From: Adam Manzanares
Date: Thu Feb 21 2019 - 18:11:58 EST


Hello,

I would like to attend the LSF/MM Summit 2019. I'm interested in
several MM topics that are mentioned below as well as Zoned Block
Devices and any io determinism topics that come up in the storage
track.

I have been working on a caching layer, hmmap (heterogeneous memory
map) [1], for emerging NVM and it is in spirit close to the page
cache. The key difference being that the backend device and caching
layer of hmmap is pluggable.
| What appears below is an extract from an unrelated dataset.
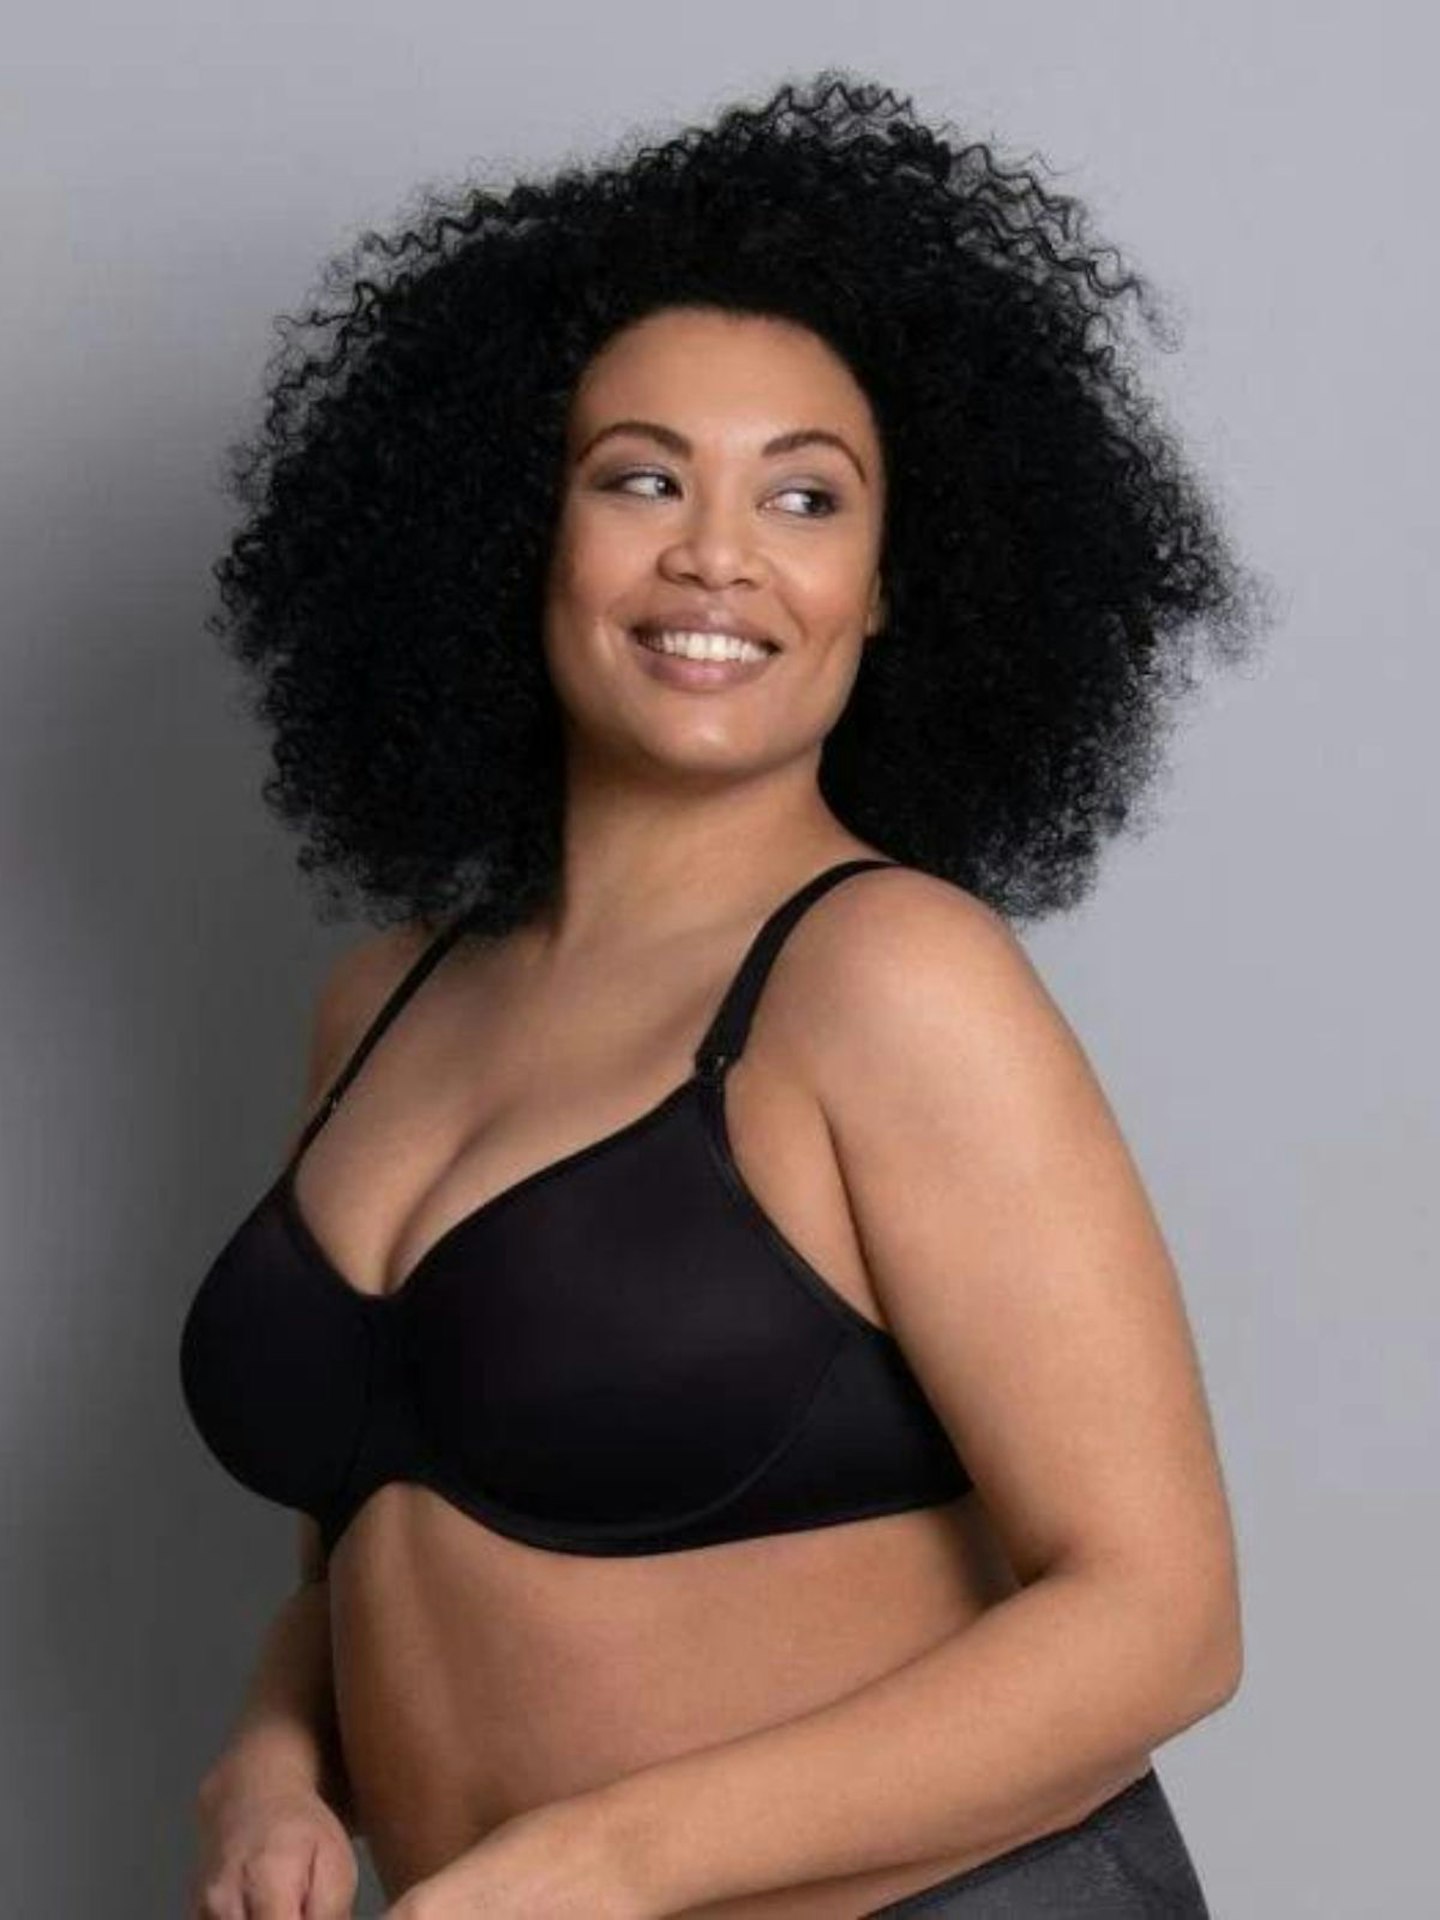 The best nursing bras for post-partum and beyond 2024

In addition, hmmap supports DAX and write
protection, which I believe are key features for emerging NVMs that may
have write/read asymmetry as well as write endurance constraints.
Lastly we can leverage hardware, such as a DMA engine, when moving
pages between the cache while also allowing direct access if the device
is capable.

I am proposing that as an alternative to using NVMs as a NUMA node
we expose the NVM through the page cache or a viable alternative and
have userspace applications mmap the NVM and hand out memory with
their favorite userspace memory allocator.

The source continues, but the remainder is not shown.